WHAT YOU SHOULD DO> Return the lines of the data below starting at the one holding "#schlafzimmer #bedroom #cozyhome" and ending at the one holding "Godzilla Kingdom Of Monsters TP", word for word, leaving every picture out.

DATASET EXTRACT>
# # # #

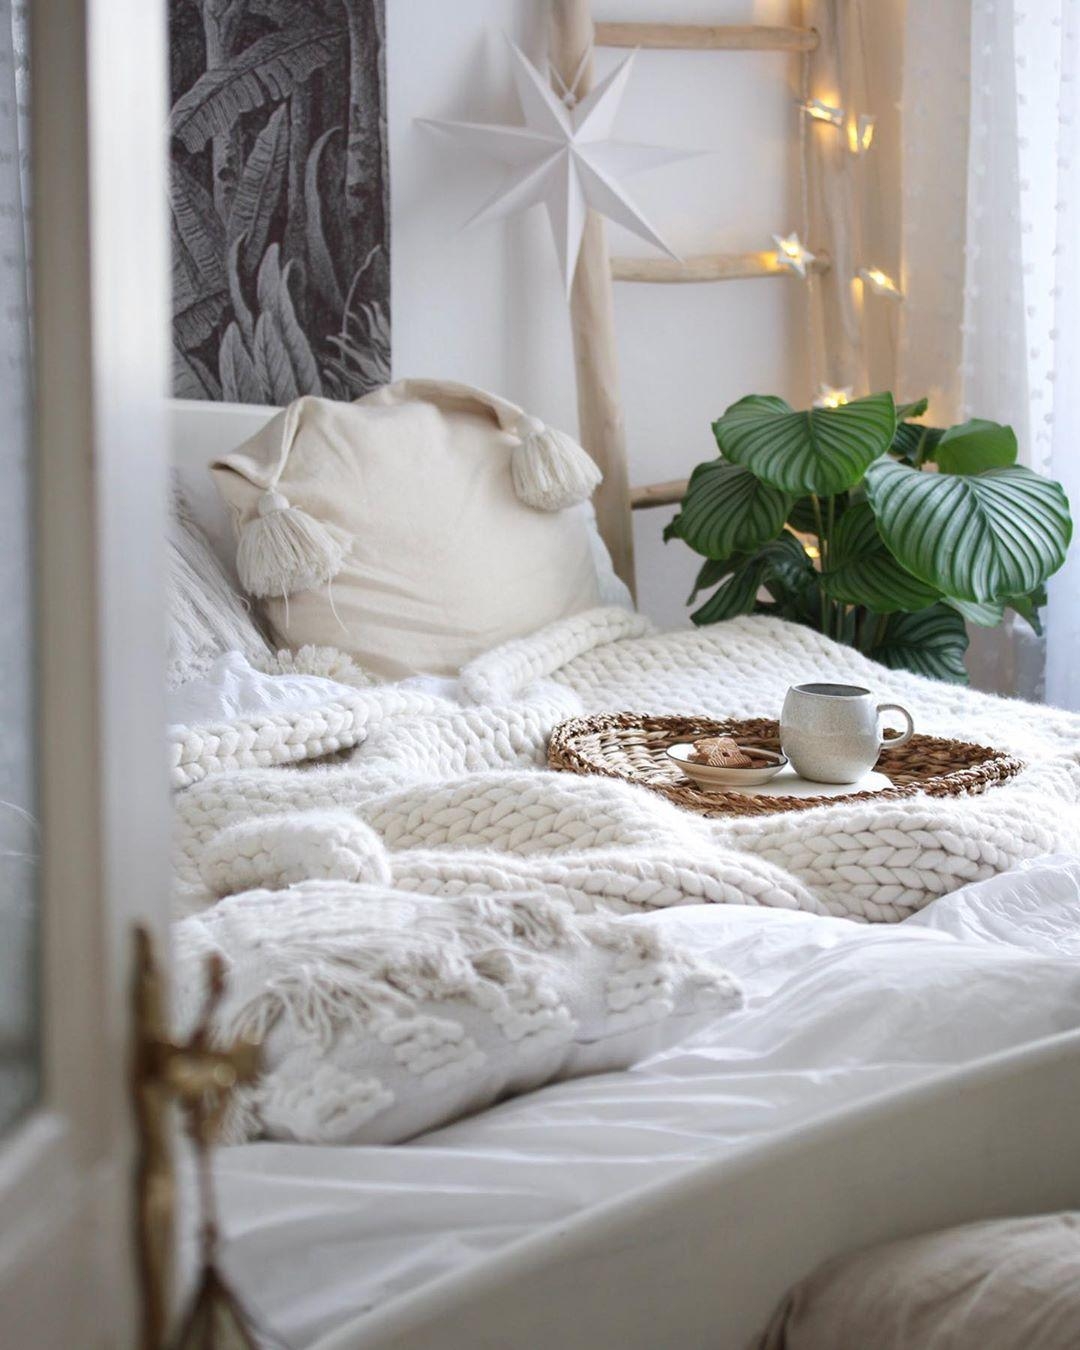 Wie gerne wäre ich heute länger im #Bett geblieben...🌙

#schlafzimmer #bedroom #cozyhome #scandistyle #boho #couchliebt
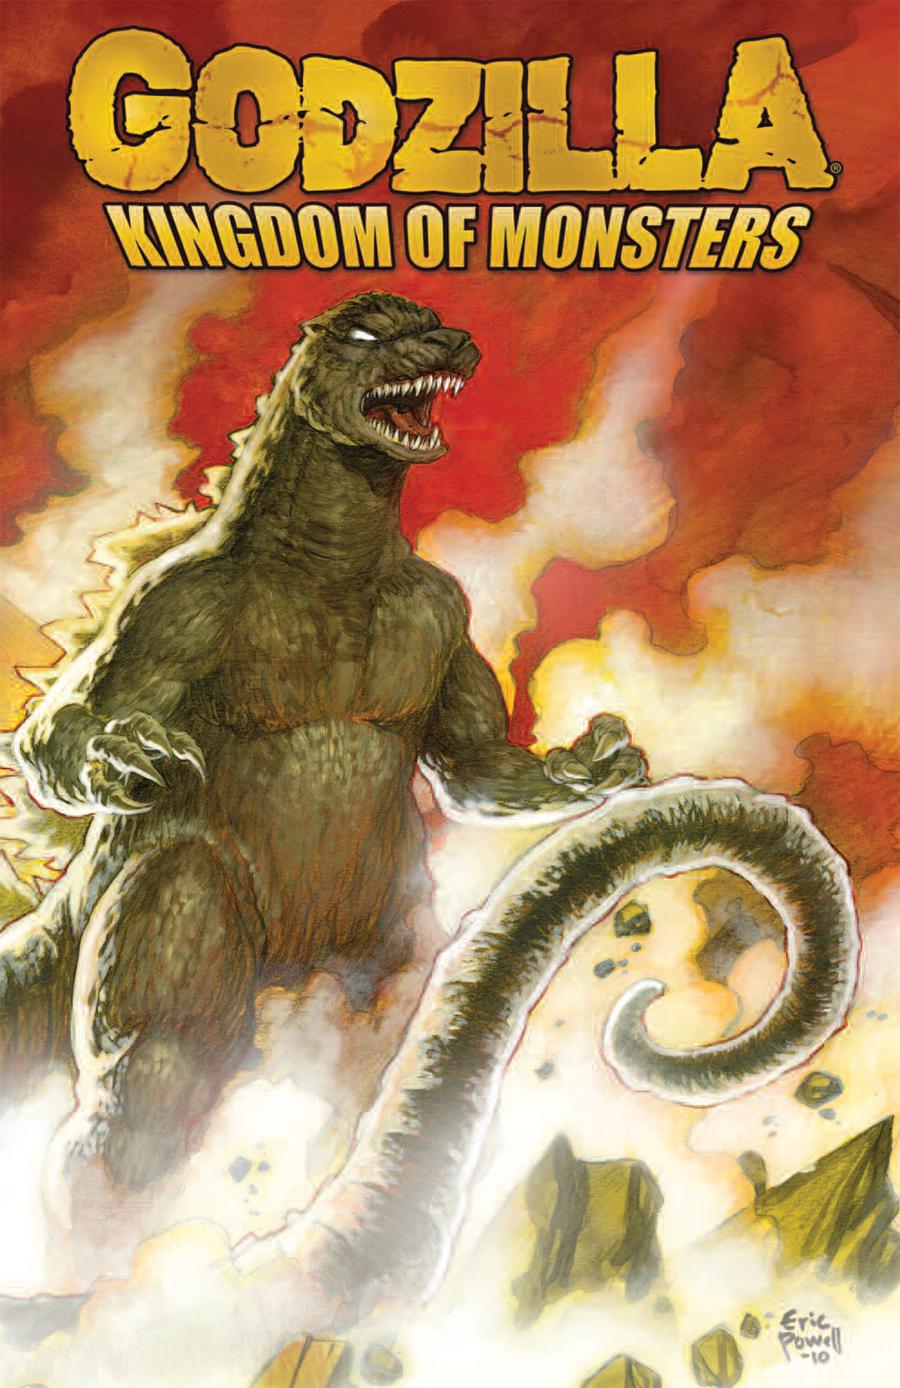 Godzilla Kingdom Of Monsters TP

# # # #

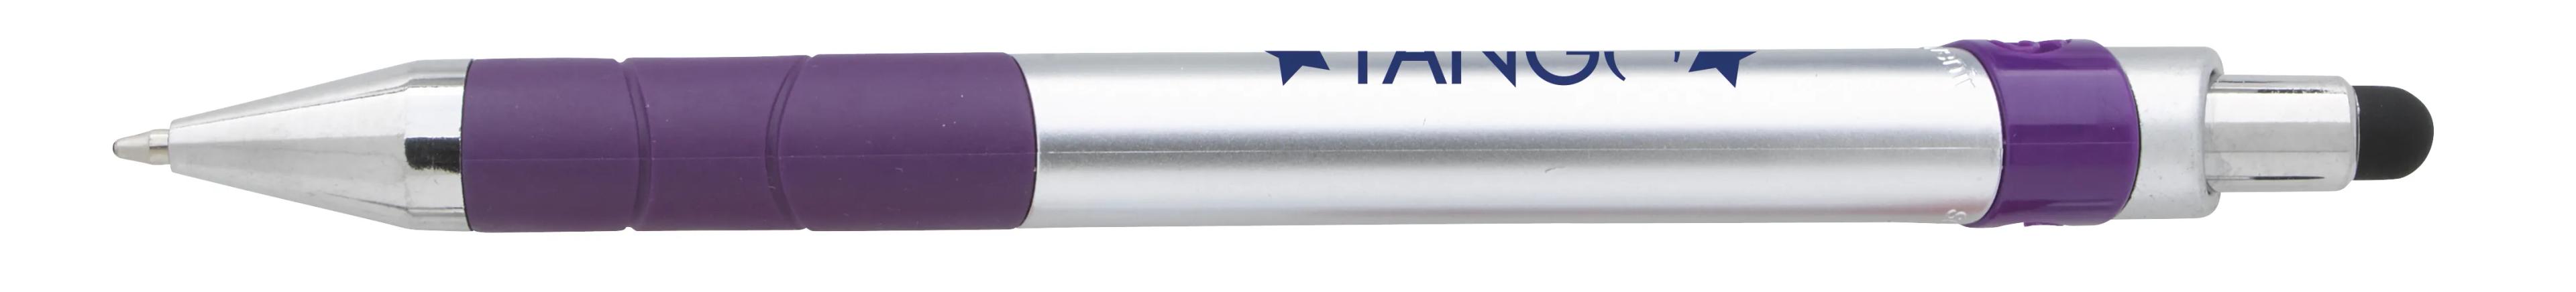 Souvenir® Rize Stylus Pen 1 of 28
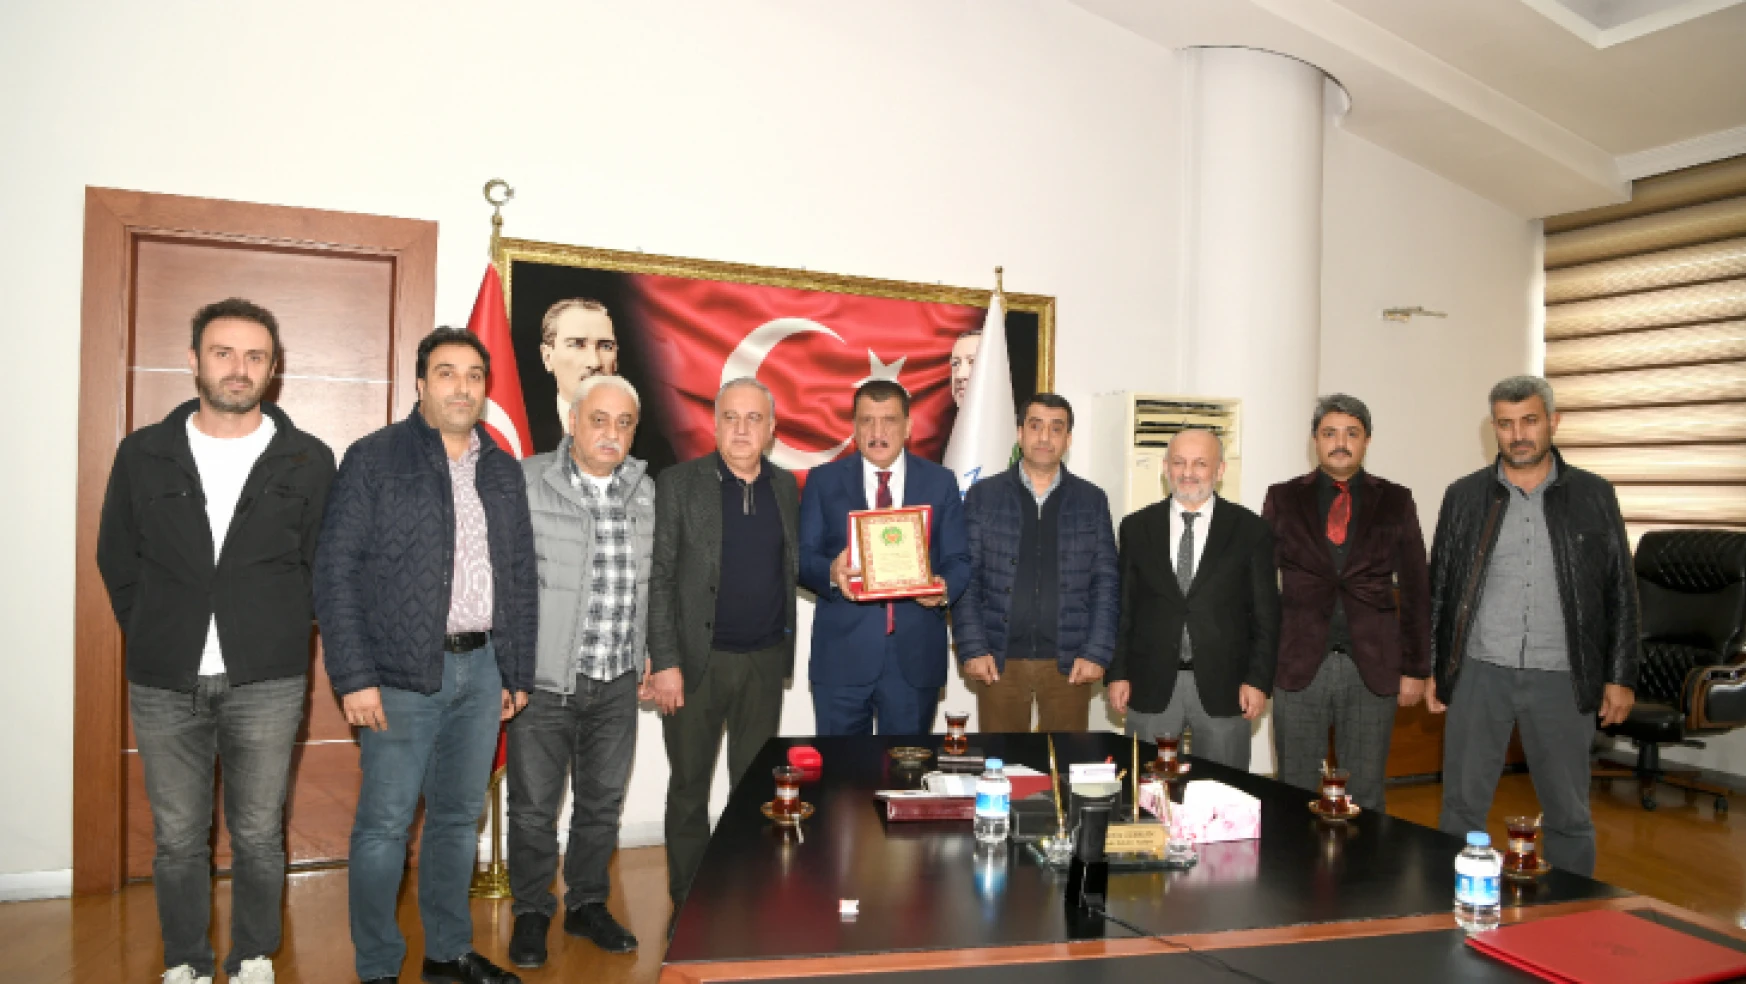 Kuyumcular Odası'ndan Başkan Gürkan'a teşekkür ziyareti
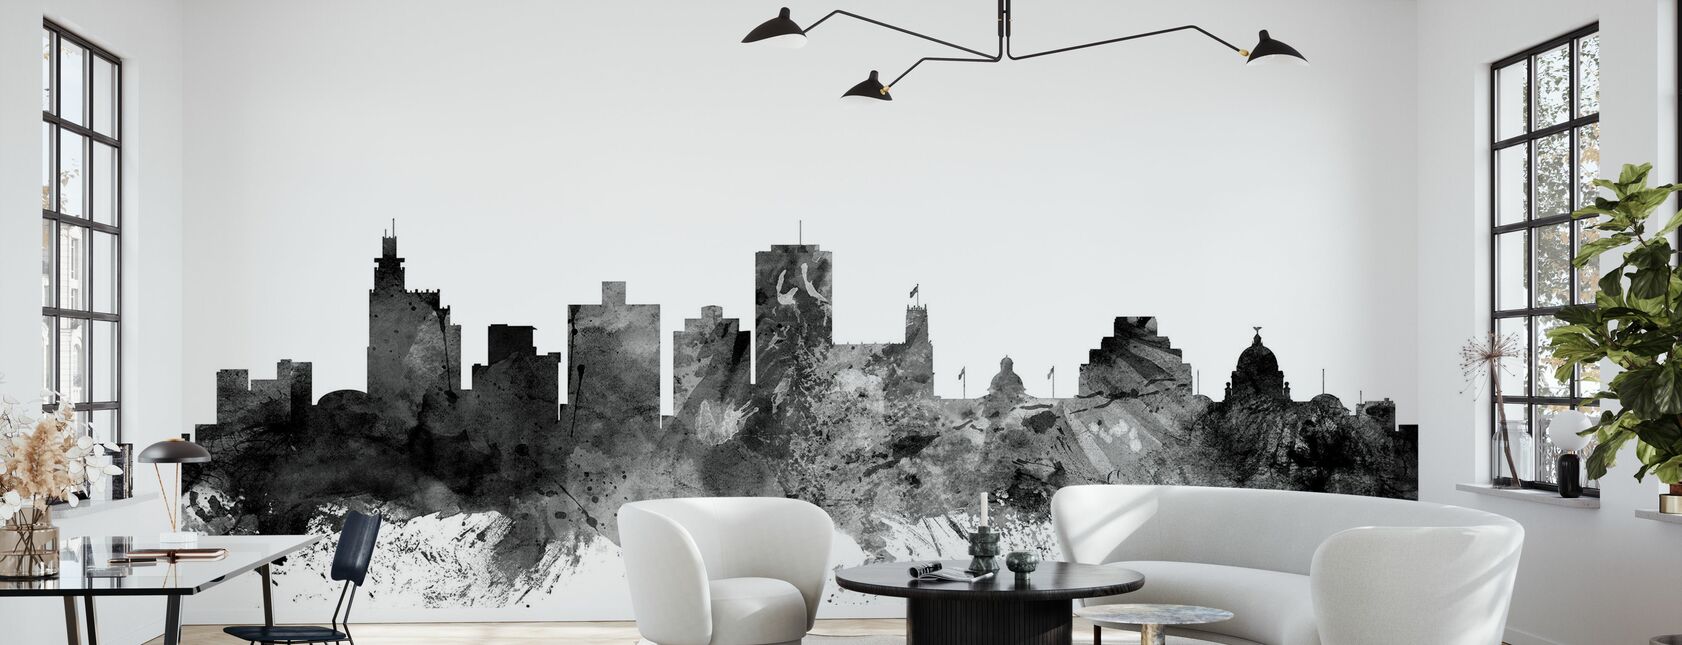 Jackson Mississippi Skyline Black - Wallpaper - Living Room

# # # #

REPLY TO THE EXERCISE>
#schlafzimmer #bedroom #cozyhome #scandistyle #boho #couchliebt
 Godzilla Kingdom Of Monsters TP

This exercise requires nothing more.